Indústria pressiona por conteúdo nacional, mas governo quer mudança

Até mesmo apoiadores do impeachment da presidenta Dilma Rousseff começam a se dar conta de que o golpe é também contra a indústria nacional. Entidades representativas de fornecedores de bens e serviços ao setor de petróleo e gás natural do país e federações nacionais da indústria agora pressionam para que Michel Temer não leve adiante mudanças radicais na Política de Conteúdo Local (PCL) do setor de petróleo.

Petrobras

De acordo com o Valor Econômico, diversas entidades enviaram uma carta ao Ministro da Indústria, Comércio e Serviços (MDIC), Marcos Pereira, alertando sobre os danos que representariam às empresas brasileiras o fim da exigência de conteúdo nacional na construção das plataformas e demais equipamentos de exploração de petróleo.

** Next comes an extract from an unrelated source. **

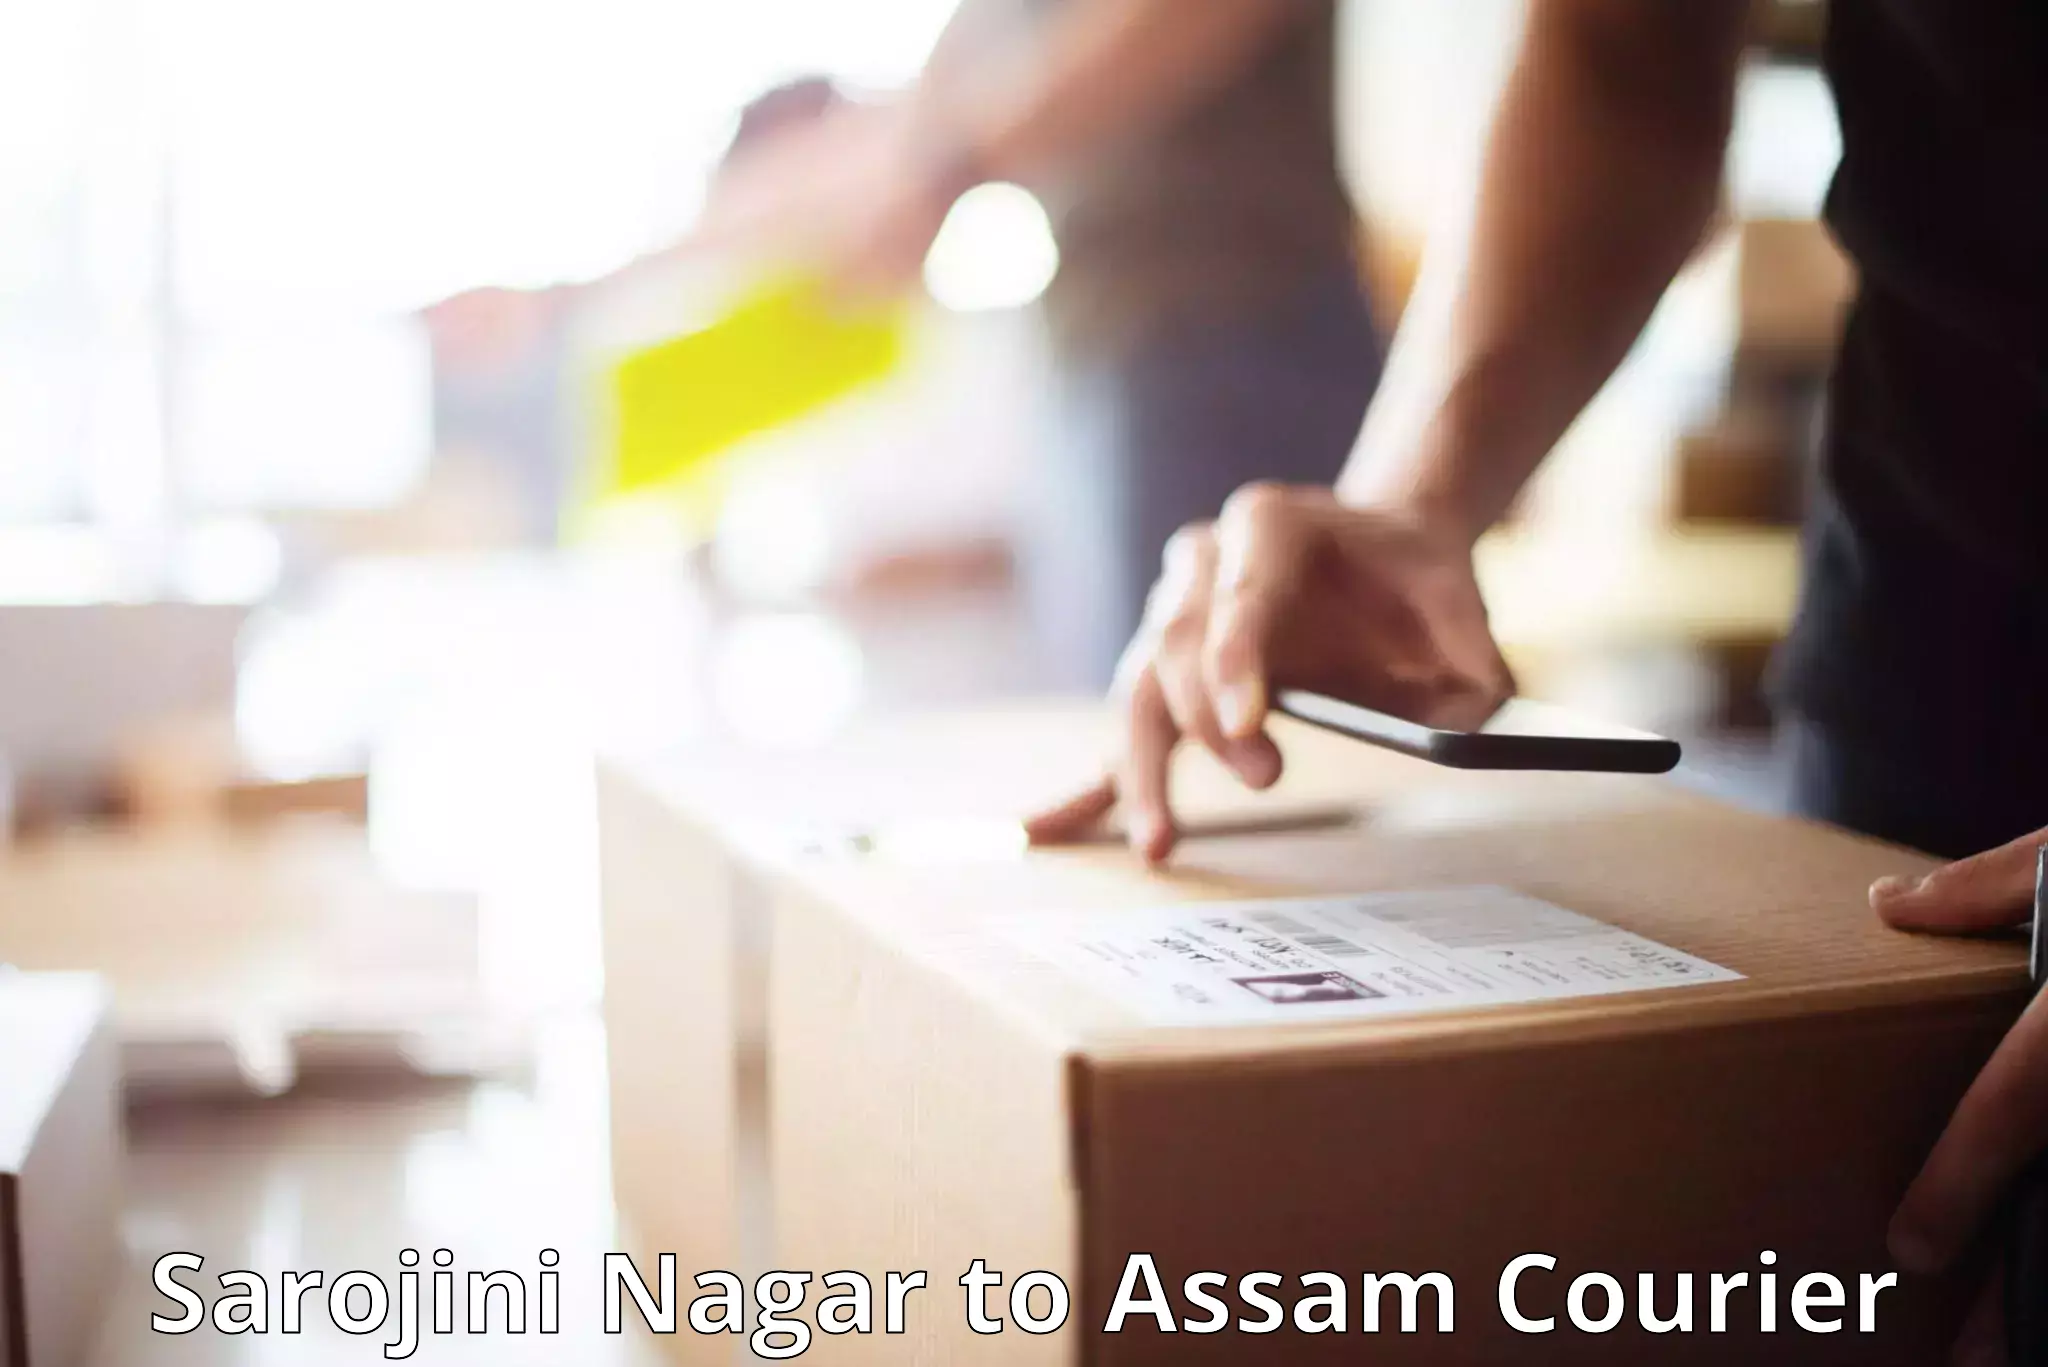 Baggage shipping advice Sarojini Nagar to Assam

O documento, entregue na última quinta-feira, pede que o ministro analise os “argumentos que comprovam a necessidade de se avaliar, de forma aprofundada, os impactos que poderão ser causados na cadeia de fornecedores em decorrência de mudanças que estão sendo anunciadas na Política de Conteúdo Local do setor de petróleo e gás”.

Os empresários, que pregam menos intervenção do Estado na economia, agora perceberam que podem sair prejudicados, caso tenham que competir com os fornecedores internacionais.

O Valor relata que, apenas no setor de máquinas e equipamentos, estima-se 400 empresas ligadas ao setor de óleo e gás, “as quais poderão suspender investimentos neste momento”. Conforme cálculos das entidades que assinam o documento enviado ao ministro Marcos Pereira, entre 1 milhão e 1,5 milhão de empregados podem ser afetados com o fim do PCL.

Assinam a carta as seguintes entidades: ABCE, de engenharia consultiva, Abemi, de engenharia industrial, Abimaq, de máquinas e equipamentos, Sinaval, do segmento de estaleiros, Instituto Aço Brasil, em siderurgia, Abitam, de fabricação de tubos e Abinee (elétrica e eletrônica).

Além das entidades, também as federações Fieb (Bahia), Fiesp (São Paulo), Fiergs (Rio Grande do Sul), Fiemg (Minas Gerais), Firjan (Rio de Janeiro) e Fiesc (Santa Catarina) estão engajadas no movimento.

A indústria analisa que as medidas anunciadas até agora são boas apenas para as petroleiras, mas prejudicam os fornecedores locais. Segundo a Folha de S. Paulo, as duas maiores federações – Fiesp e Firjan, já fizeram chegar a Temer o recado de que a indútria quer evitar uma mudança brusca nas regras. Elas reagem à pressão das petroleiras, que têm se encontrado com o presidente para tratar do assunto.

Entre os pontos problemáticos, estão a isenção tributária para a compra de equipamentos petrolíferos, através do Repetro, e o possível perdão para as petroleiras que não cumpriram os índices de conteúdo exigidos nos leilões realizados.

Segundo a indústria, o Repetro incentiva a importação, prejudicando os fabricantes brasileiros que não conseguem isenção sobre os equipamentos feitos no Brasil.

A gerente de petróleo e gás da Firjan, Karine Fragoso, diz que a entidade propõe a extensão dos benefícios para os fabricantes nacionais.

Segundo o presidente-executivo da Associação Brasileira da Indústria de Máquinas e Equipamentos (Abimaq), José Velloso, o programa representou uma renúncia de R$ 10 bilhões por ano entre 2011 e 2013.

Em 2016, o governo recebeu os presidentes globais da Shell, Ben Van Beurden, e da Statoil, Eldar Saetre. O setor afirma que ganharia investimentos de US$ 250 bilhões com as mudanças. De acordo com Velloso, "eles ameaçam com um investimento que só vai acontecer na década que vem. O fechamento de fábricas vai trazer desemprego agora".

O presidente da Petrobras, Pedro Parente, não se mostrou muito sensível aos apelos nesta segunda (24). Segundo ele, as petroleiras não estão "contra a indústria local". Parente afirmou ainda que em nenhum lugar do mundo é possível encomendar 100% às empresas nacionais.

"Não é possível encomendar 100% para a indústria nacional. Precismos tratar esse tema com outra ótica. O conteúdo local tem que fazer parte do debate. E, devido a nossa escala, temos uma grande contribuição a fazer. Estaremos sempre abertos ao diálogo", disse.

Ao tentar se defender das críticas das petroleiras, o ministro de Minas e Energia, Fernando Coelho Filho, disse que "estão enganados aqueles que acham que a política de conteúdo local está sendo discutida para beneficiar as petroleiras".